O combate à corrupção tornou-se um clamor nacional. Órgãos de controle do Estado têm respondido a esta exigência e, nos últimos anos, as ações anticorrupção se intensificaram, atingindo a elite política e grandes empresas.

No entanto, há uma instrumentalização política desse discurso para desestabilização de um governo democraticamente eleito, de modo a aprofundar a grave crise econômica e política atravessada pelo país.

Um dos epicentros que instrumentaliza e desestabiliza o governo vem de setores de um poder que deveria zelar pela integridade política e legal do país.

A chamada Operação Lava Jato, dirigida pelo juiz de primeira instância Sérgio Moro, que há dois anos centraliza as principais investigações contra a corrupção, tem sido maculada pelo uso constante e injustificado de medidas que a legislação brasileira estabelece como excepcionais, tais como a prisão preventiva de acusados e a condução coercitiva de testemunhas. As prisões arbitrárias são abertamente justificadas como forma de pressionar os acusados e deles obter delações contra supostos cúmplices. Há um vazamento permanente e seletivo de informações dos processos para os meios de comunicação. Existem indícios de que operações policiais são combinadas com veículos de imprensa, a fim de ampliar a exposição de seus alvos. Até a Presidenta da República foi alvo de escuta telefônica ilegal. Trechos das escutas telefônicas, tanto legais quanto ilegais, foram apresentados à mídia para divulgação pública, ainda que tratassem apenas de assuntos pessoais sem qualquer relevância para a investigação, com o intuito exclusivo de constranger determinadas personalidades políticas.

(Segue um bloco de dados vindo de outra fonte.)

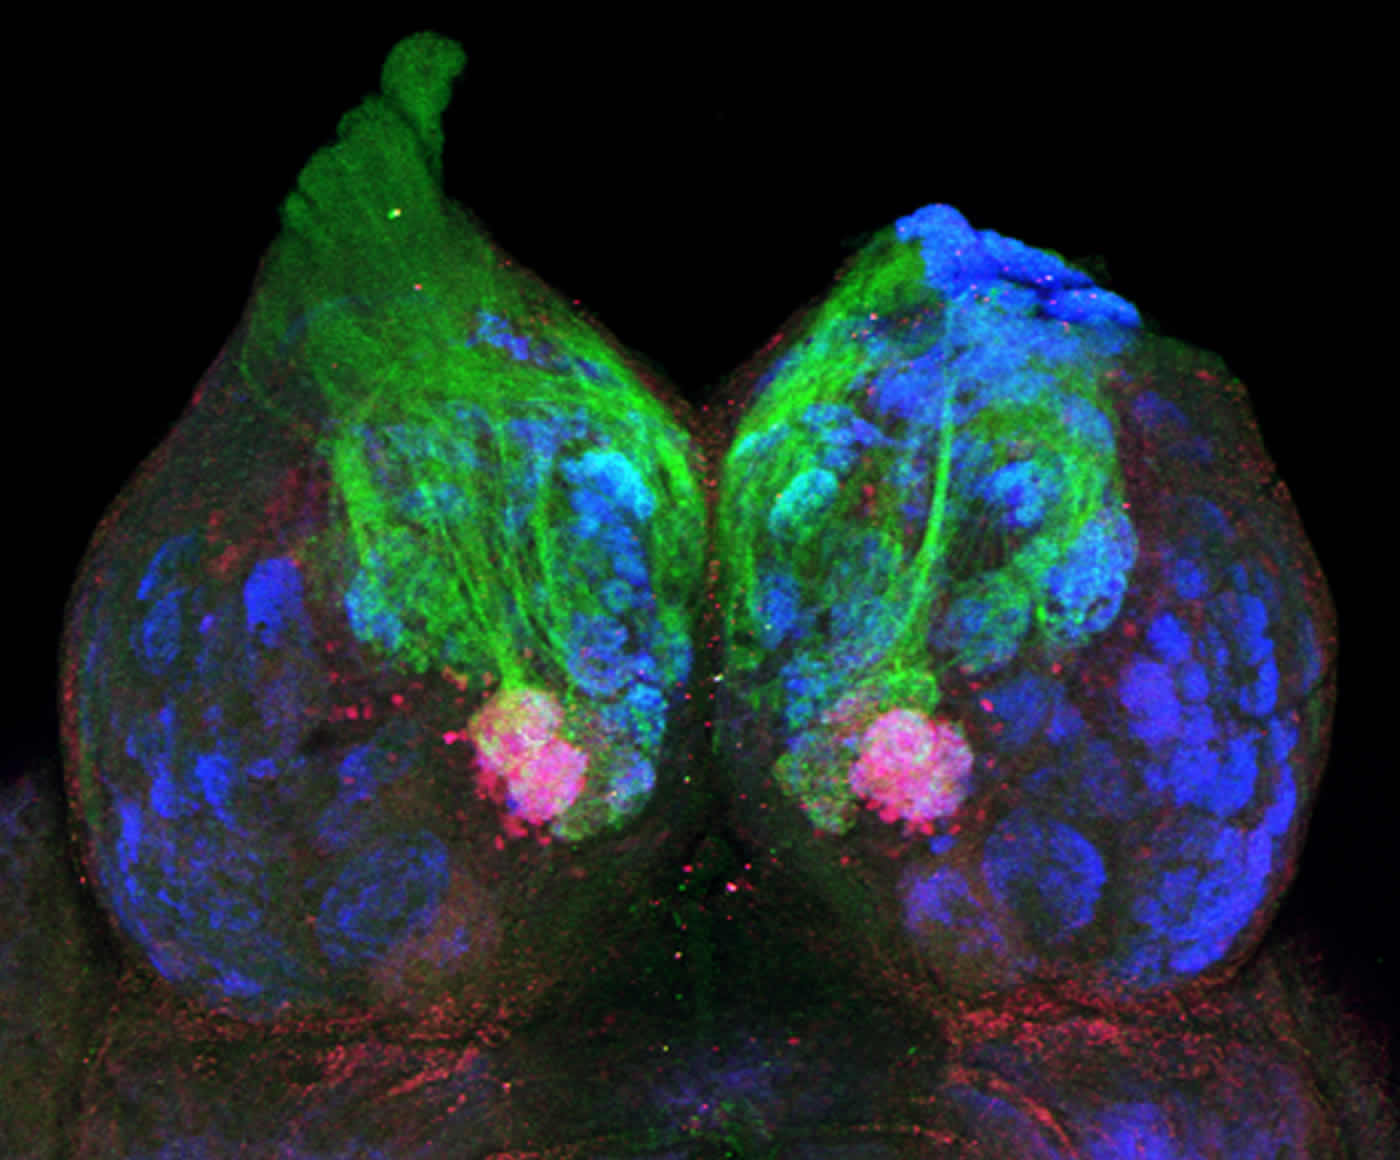 Image shows a zebrafish olfactory bulb.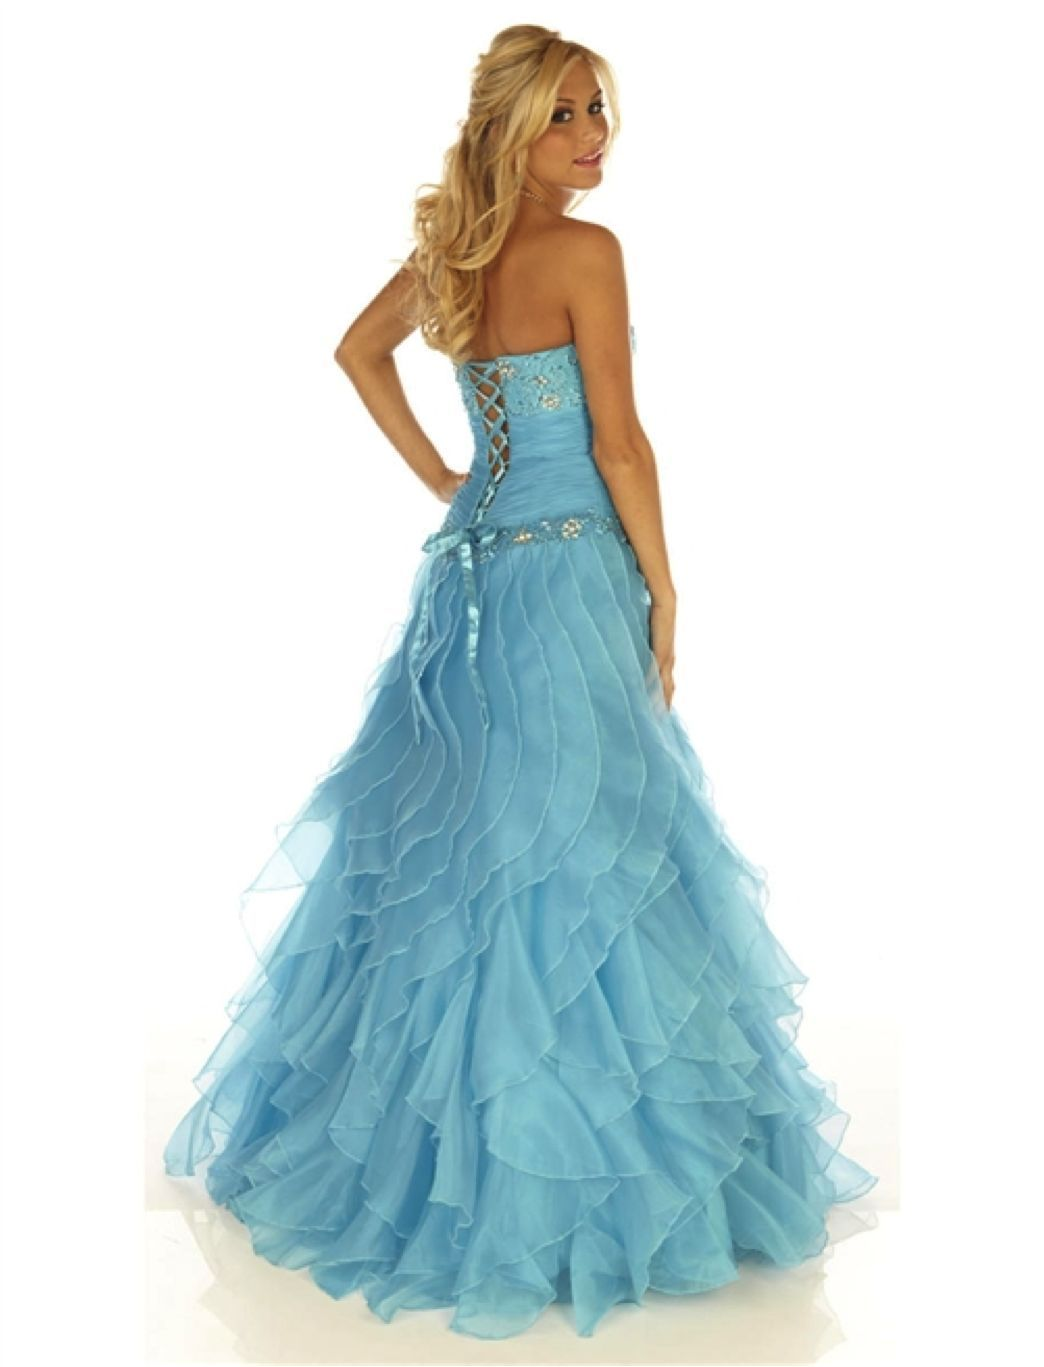 Image 3 of Sexy Strapless Corset Aqua Cinderella Mermaid Prom Evening Gown Joli 9538 12

As denúncias que emergem contra líderes dos partidos de oposição têm sido em grande medida desprezadas nas investigações e silenciadas nos veículos hegemônicos de mídia. Por outro lado, embora não pese qualquer denúncia contra a Presidenta Dilma Rousseff, a Operação Lava Jato tem sido usada para respaldar a tentativa de impeachment em curso na Câmara dos Deputados – que é conduzida pelo deputado Eduardo Cunha, presidente da Câmara dos Deputados e oposicionista, acusado de corrupção e investigado pelo Conselho de Ética dessa mesma casa legislativa.

Quando a forma de proceder das autoridades públicas esbarra nos direitos fundamentais dos cidadãos, atropelando regras liberais básicas de presunção de inocência, isonomia jurídica, devido processo legal, direito ao contraditório e à ampla defesa, é preciso ter cautela. A tentação de fins nobres é forte o suficiente para justificar atropelos procedimentais e aí é que reside um enorme perigo.

O juiz Sérgio Moro já não possui a isenção e a imparcialidade necessárias para continuar responsável pelas investigações em curso. O combate à corrupção precisa ser feito dentro dos estritos limites da legalidade, com respeito aos direitos fundamentais dos acusados.
O risco da ruptura da legalidade, por uma associação entre setores do Poder Judiciário e de meios de comunicação historicamente alinhados com a oligarquia política brasileira, em particular a Rede Globo de Televisão – apoiadora e principal veículo de sustentação da ditadura militar (1964-1985) -, pode comprometer a democracia brasileira, levando a uma situação de polarização e de embates sem precedentes.

Por isso gostaríamos de pedir a solidariedade e o apoio da comunidade acadêmica internacional, em defesa da legalidade e das instituições democráticas no Brasil.